Though it will not be part of my simulations, he also included a portfolio management rule, which focuses on how the investment portfolio is drawn down and rebalanced between different assets.
The second framework I simulate has a long lineage culminating in Blanchett’s development of a simple formula to update sustainable withdrawal rates on a year-by-year basis, which he described in a September 2013 Journal of Financial Planning article. Whereas Guyton’s decision rules generally call for inflation-adjusted spending to continue unless certain conditions are met, Blanchett’s formula provides a new withdrawal rate to use with remaining financial assets for each year of retirement. This creates a more volatile spending path.

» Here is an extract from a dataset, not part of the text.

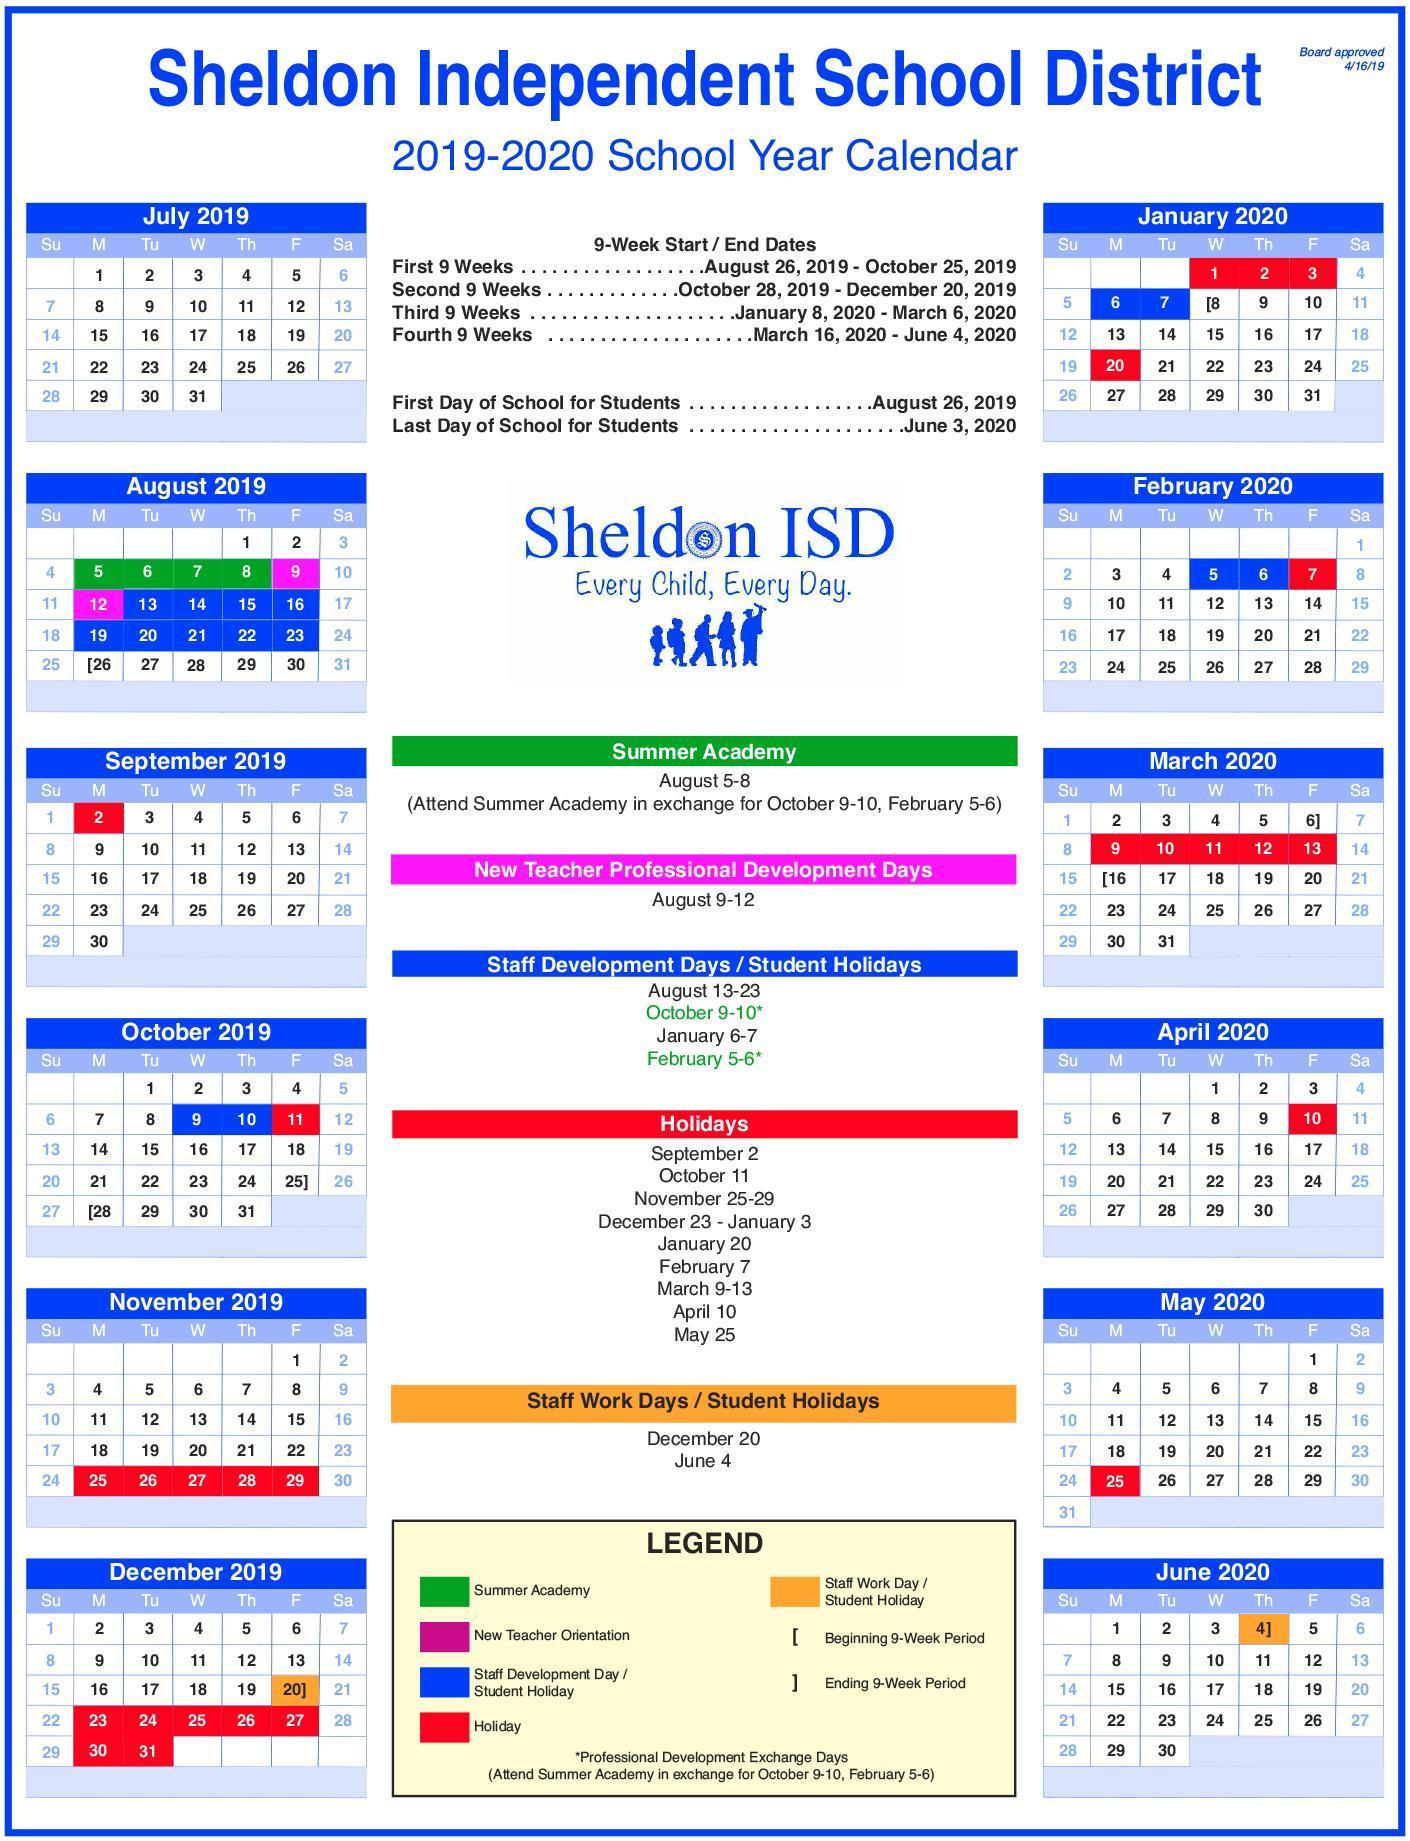 Sheldon Isd throughout U Of M School Year 2019-2020

Advisors input four variables to determine an optimal withdrawal rate for each year of retirement: asset allocation, the remaining retirement time horizon, the targeted probability of success and an alpha term that reflects portfolio over- or underperformance relative to the built-in capital market expectations.
As this is a dynamic withdrawal model, Blanchett found that the optimal retirement horizon is the client’s median remaining life expectancy plus two years, and the optimal target probability of success is 80%. These parameters, when combined with the client’s asset allocation and capital-market expectations, provide a unique sustainable withdrawal rate for each year of retirement.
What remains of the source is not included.